Meanwhile, back in south Texas, the Eagle Ford play has seen substantial production of tight oil as well as shale gas (wells in the southeastern, deeper side of the play yield mainly natural gas while wells on the northwestern, shallower side yield mostly oil). Oil reserves are estimated at 3 billion barrels. Mid-2012 production was 424,000 barrels per day from 3,129 producing wells, with an increasing production trend.
While the Bakken and Eagle Ford together account for over 80% of current US tight oil production, there are other plays that offer varying degrees of promise. The Granite Wash formation, straddling the northern Texas-Oklahoma border, produces roughly 41,000 barrels per day from 3,090 active wells with a rising trend. The Cline shale, located east of Midland, Texas, in the Permian Basin, produces about 30,000 barrels per day from 1,541 wells; here again, production is increasing. Tight oil is also being produced from the Barnett shale in Texas, where 14,871 wells yield only 27,000 barrels per day. In this play the production trend is flat.

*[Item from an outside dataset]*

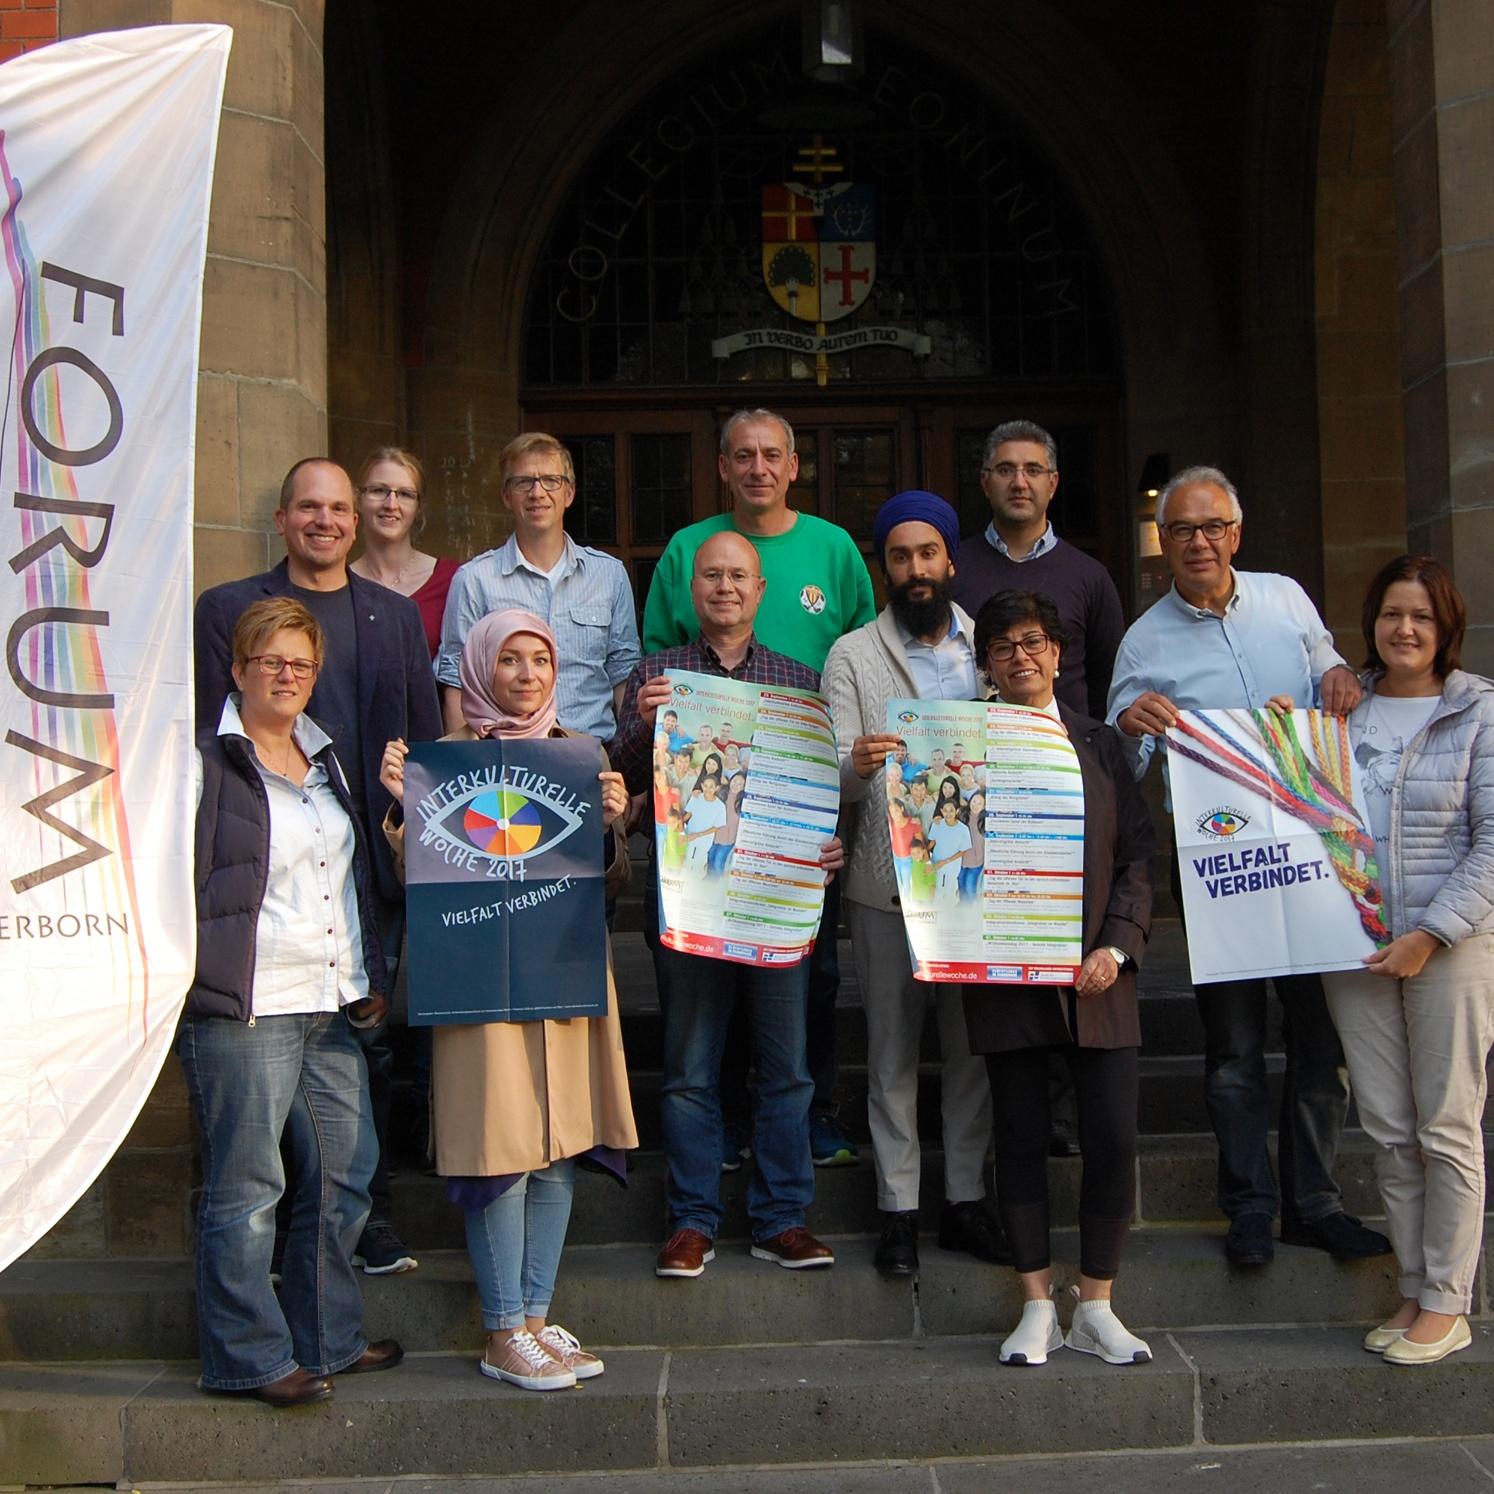 Interkulturelle Woche vom 23. September bis 7. Oktober Forum der Religionen Paderborn: Vielfalt verbindet

The Niobrara formation in Colorado and Wyoming presents problems with complex geology and access to water, especially given the severe drought that has gripped much of the United States, and Colorado’s recent catastrophic wildfires. Early comparisons with the Bakken have not borne out, and disappointing well results have led Chesapeake to sell off its Colorado leases. Noble, Anadarko, EOG, Quicksilver, and roughly a dozen other mostly small companies are competing in the play, with about 40 active drilling rigs. However, 10,811 operating wells currently yield a mere 51,000 barrels per day of production, and the production trend is flat.

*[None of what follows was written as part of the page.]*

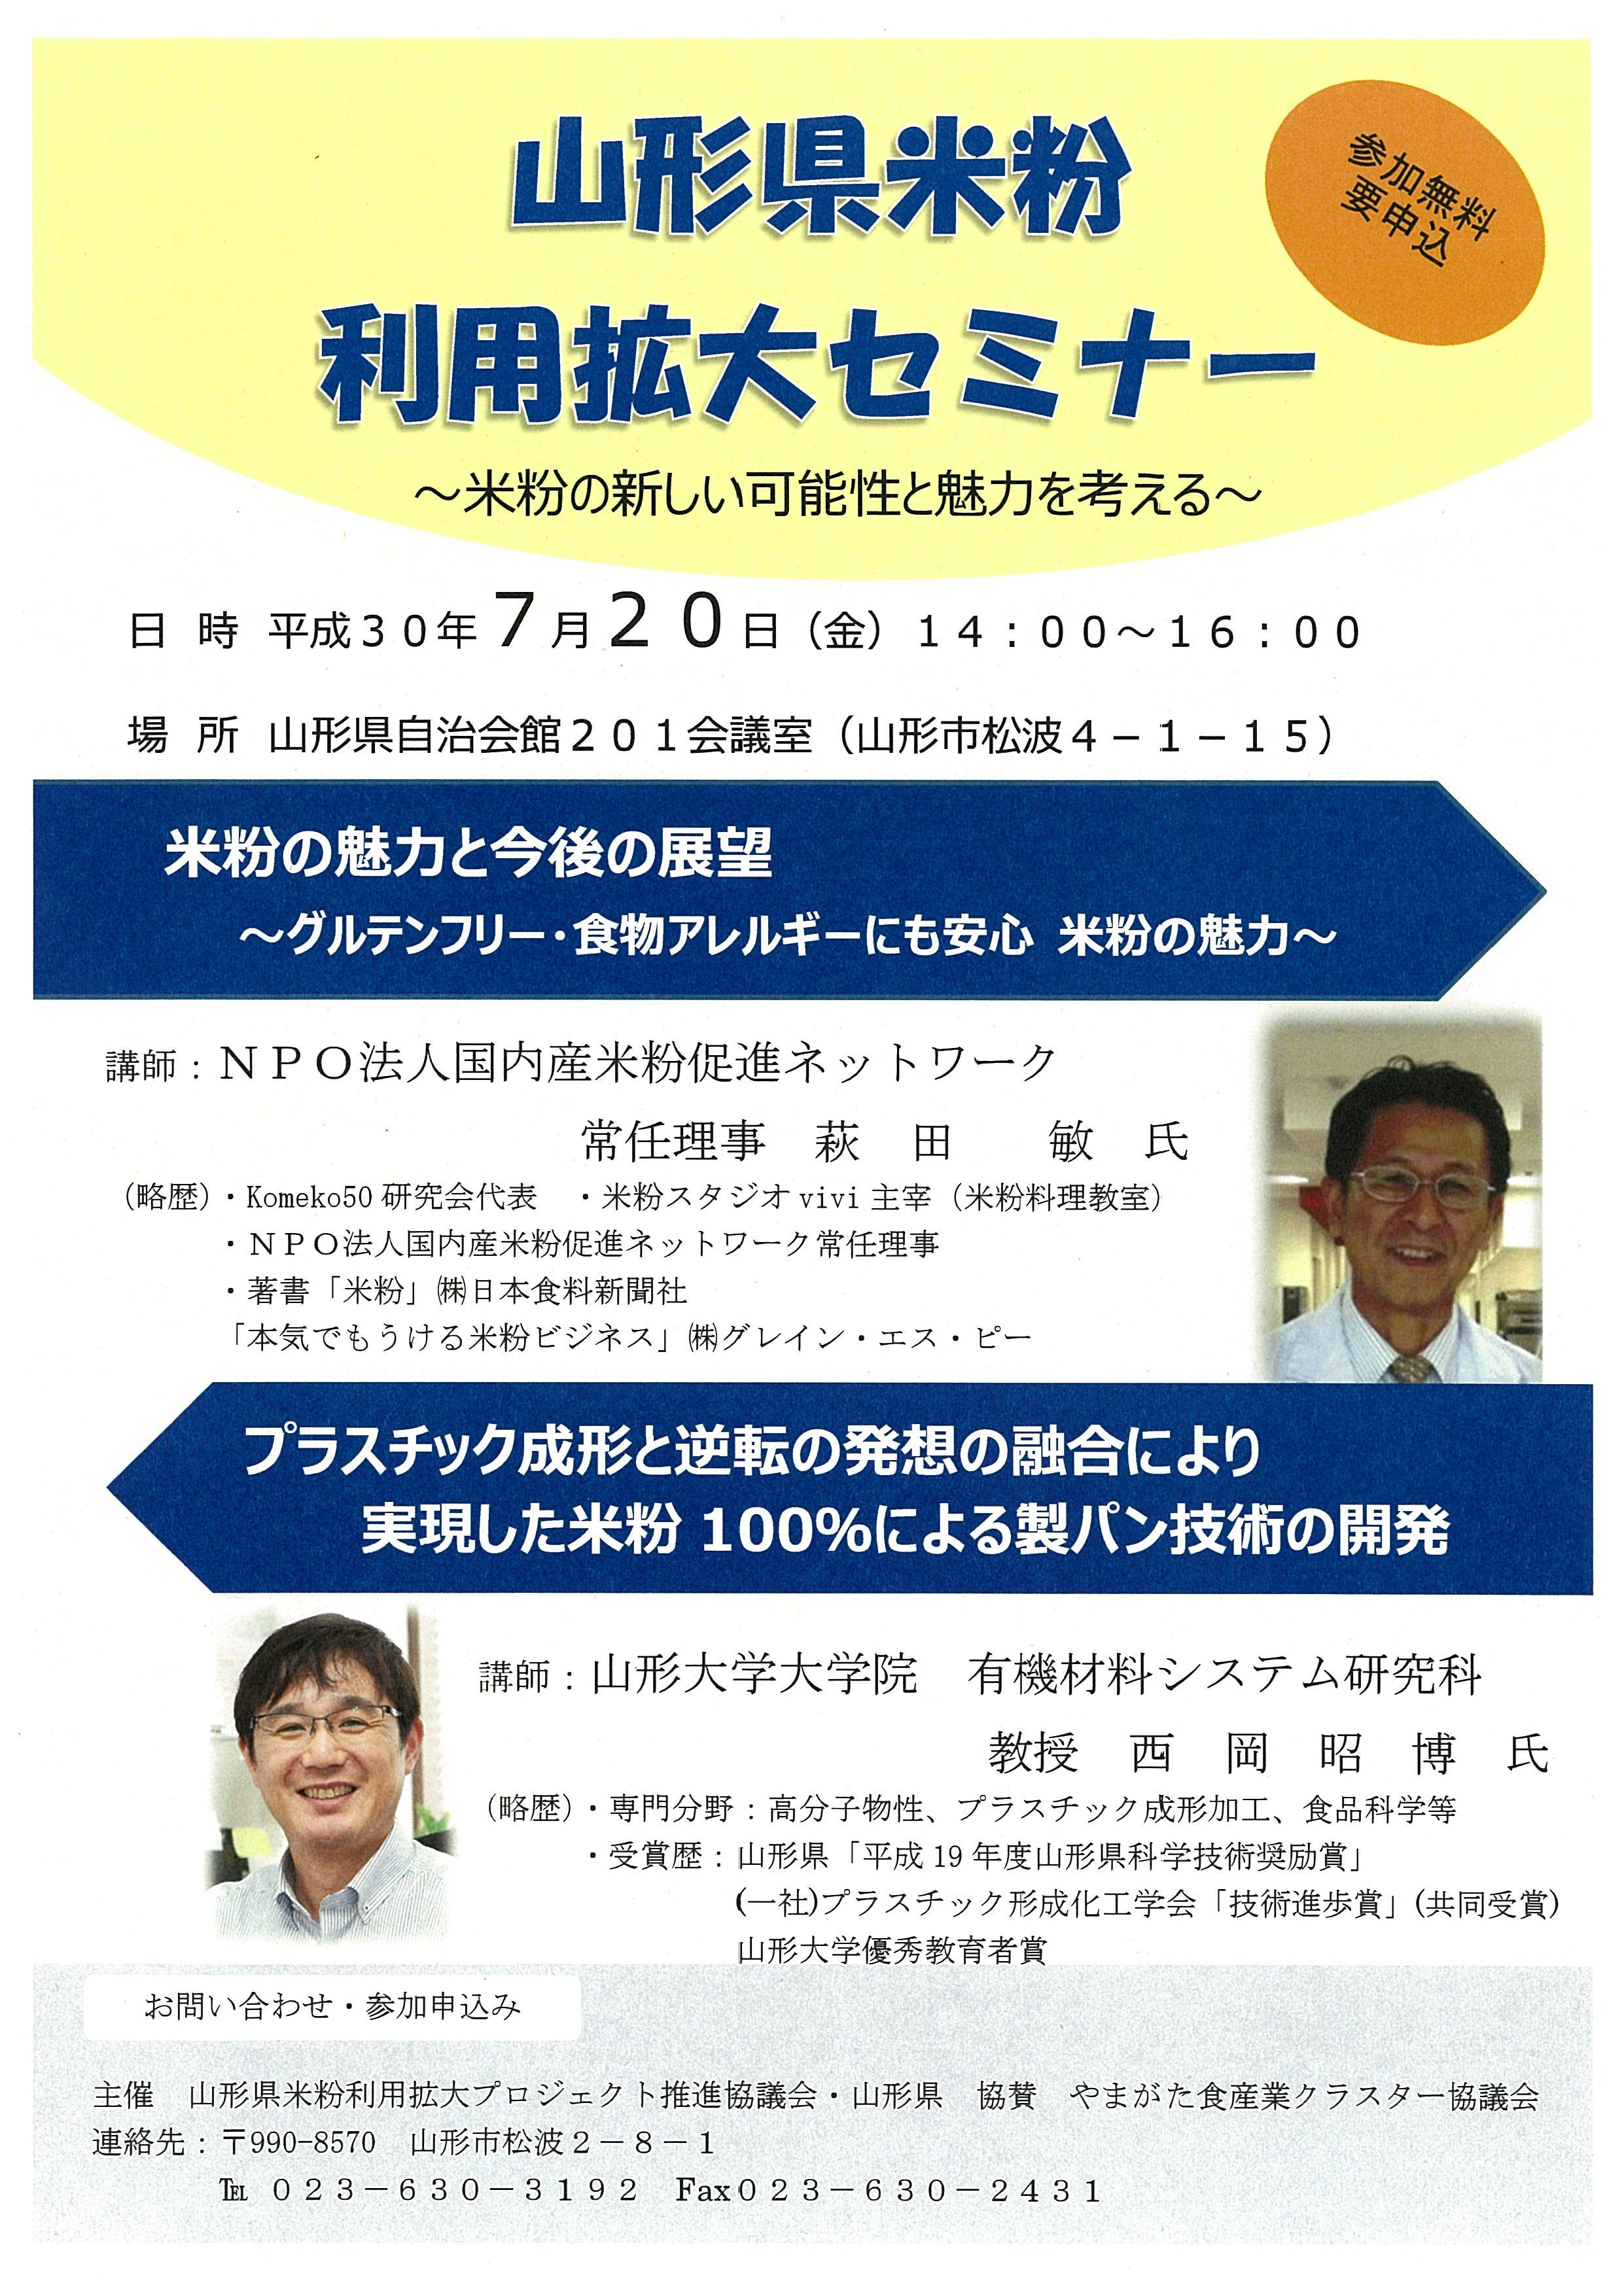 山形県米粉利用拡大セミナー〜米粉の新しい可能性と魅力を考える〜 の開催について(御案内):画像

The Austin Chalk play (which reaches across Texas and into Louisiana) and the Spraberry play (near Midland, Texas) each produce over 17,000 barrels per day.
The Monterey shale in Kern, Orange, Ventura, Monterey, and Santa Barbara Counties in southern California boasts tight oil resources of up to 15 billion barrels—four times the size of Bakken reserves. But resources are not the same as reserves, and so far production amounts to only 8,580 barrels per day from 675 operating wells, with a flat production trend. This could change if drilling picks up, in view of the Monterey’s very high resource endowment.
Elsewhere in the world, geology appropriate for the production of tight oil using fracking technology exists in R’Mah formation in Syria, Sargelu formation in the northern Persian Gulf region, Athel formation in Oman, Bazhenov formation and Achimov formation of west Siberia in Russia, Coober Pedy in Australia, and Chicontepec formation in Mexico. Little is yet being done to exploit these resources.
THE CLAIMS RUSH
It may be helpful to pause at this point and recall again where we were at the start of the fracking boom. US oil production had generally been in decline for nearly four decades, oil and gas prices were high and rising, and mainstream media outlets were beginning occasionally to mention the possibility that world petroleum output was near its inevitable peak. In this context, rising gas production from north-central Texas, Arkansas, Louisiana, and Pennsylvania, and soaring oil yields in North Dakota and south Texas seemed like answers to a prayer. Here was an opportunity for the industry to beat back its critics—and make a lot of money in the process.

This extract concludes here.